Mortgage rates held surprisingly steady today, even though underlying bond markets were in noticeably weaker territory.  As bonds weaken, rates normally move higher, but there's been a bit of a disconnect recently.  In light of our discussion last week, perhaps it isn't so surprising.  We had anticipated that mortgage rates would start out with an advantage this week because they didn't move much lower at the end of last week even though bond markets were stronger.  In other words, bond markets are suggesting rates should be right about where they were on Thursday afternoon, and that's exactly where they are.

Naturally, this means that we no longer have the same sort of implicit advantage we enjoyed on Friday afternoon heading into the weekend.  As such, it's definitely safer to lean back toward locking.  The most prevalently-quoted conventional 30yr fixed rate remains 3.625% on top tier scenarios, with a smattering of lenders still down at 3.5%.
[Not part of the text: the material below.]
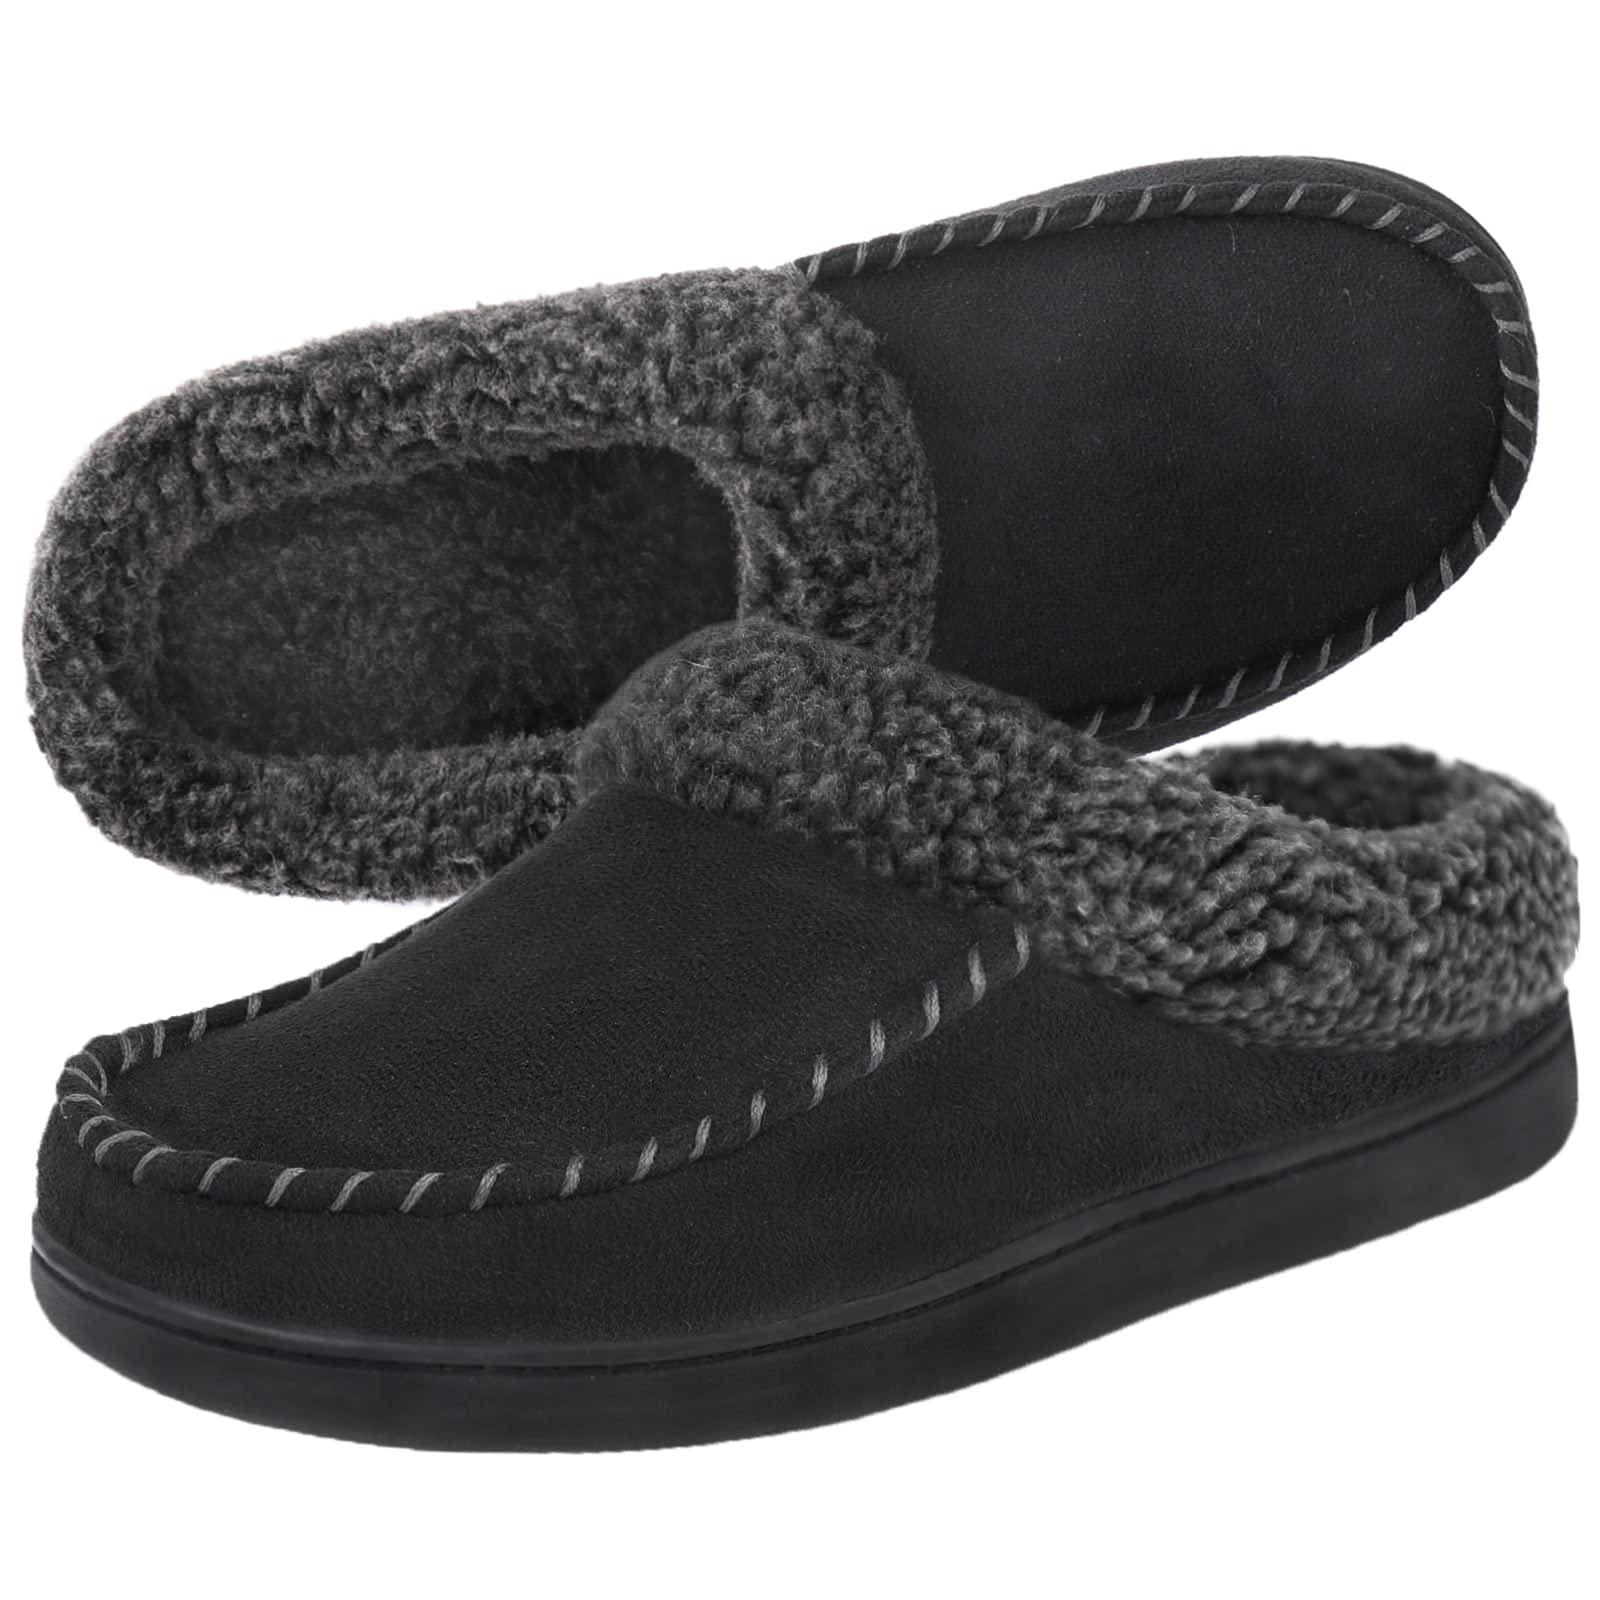 ULTRAIDEAS Men's Nealon Moccasin Clog Slipper, Slip on Indoor/Outdoor House Shoes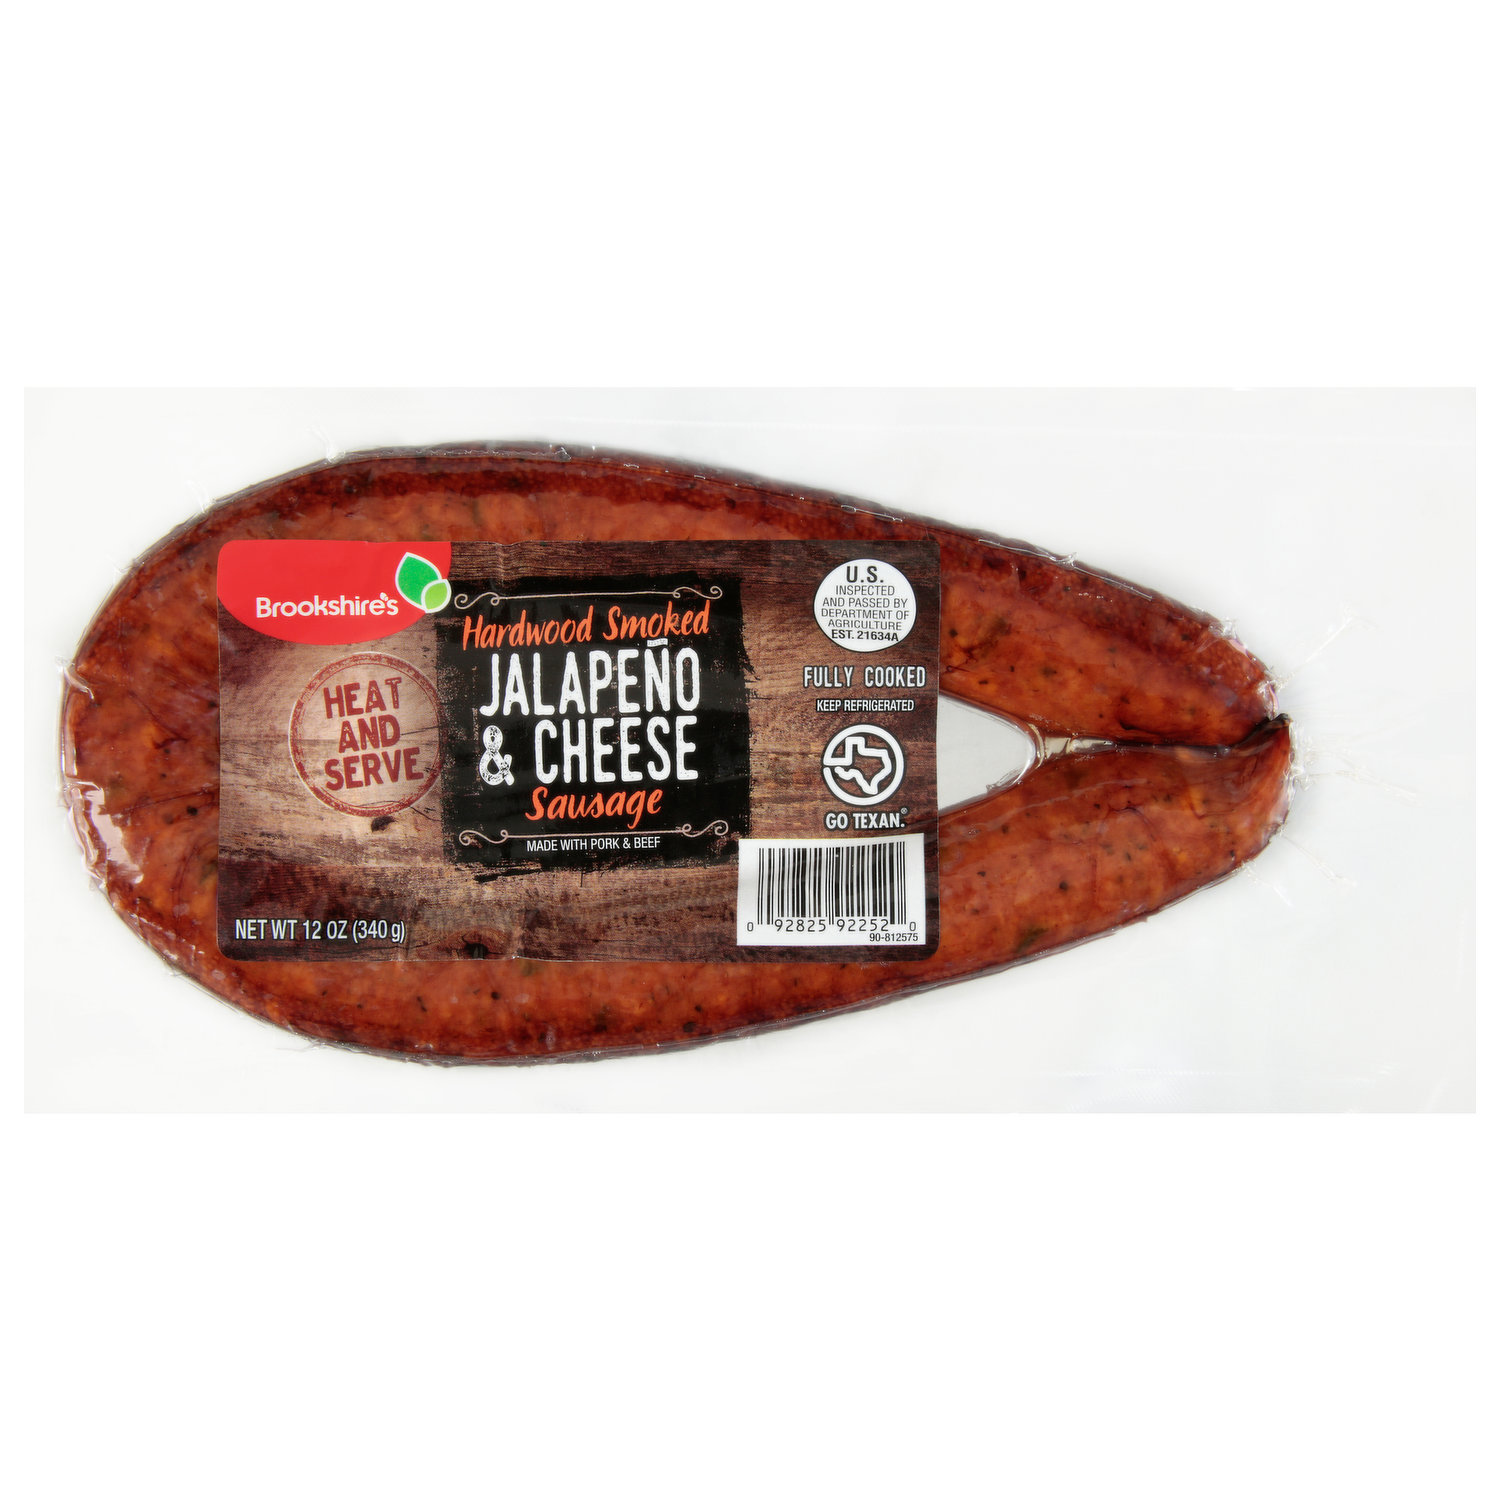 Down Home Hickory Smoked Pork Sausage - Hot 1.5 LB

Loan Originator Perspective

"Bond markets backed off last week's gains today, dropping about 20 bps from loan pricing.  The losses came despite some bond friendly data, which is somewhat disconcerting.  We're still closer to the recent range's top than bottom, and I still have recommend locking early in the process for clients within 30 days of closing.  Tomorrow has meaningful data, including CPI and Fed minutes are released Wednesday.  It should be an eventful week, if you're floating, better keep an eye on markets." -Ted Rood, Senior Originator 


Today's Best-Execution Rates

  • 30YR FIXED - 3.5 - 3.625%
  • FHA/VA - 3.25%-3.5%
  • 15 YEAR FIXED - 3.00%
  • 5 YEAR ARMS -  2.75 - 3.25% depending on the lender


Ongoing Lock/Float Considerations

  • The Fed finally hiked on December 16th, causing fears of rising rates in 2016, but markets began the new year with rates moving surprisingly lower.  Major losses in stocks and oil prices were part of the same trend of investors moving away from risk.
  • After bottoming out fairly close to all-time lows in February, rates have seen only brief episodes of volatility in a low, narrow range.  

  • The Fed's most recent announcement at the end of April reinforced their cautious approach to rate hikes.  The last time that happened, stocks cheered, but this time they've been moving lower.  Bond markets like that, and they'll continue to like it until stocks prove they can break back above 2015 highs.
     
  • Even though the broader backdrop has taken a positive turn for rates, there are still tactical opportunities to lock.  In general, we look for any prolonged moves lower (i.e. 10 days in a row without moving higher) or any major low-rate milestones (i.e. 3-year lows).
     
  • As always, please keep in mind that the rates discussed generally refer to what we've termed 'best-execution' (that is, the most frequently quoted, conforming, conventional 30yr fixed rate for top tier borrowers, based not only on the outright price, but also 'bang-for-the-buck.'  Generally speaking, our best-execution rate tends to connote no origination or discount points--though this can vary--and tends to predict Freddie Mac's weekly survey with high accuracy.  It's safe to assume that our best-ex rate is the more timely and accurate of the two due to Freddie's once-a-week polling method).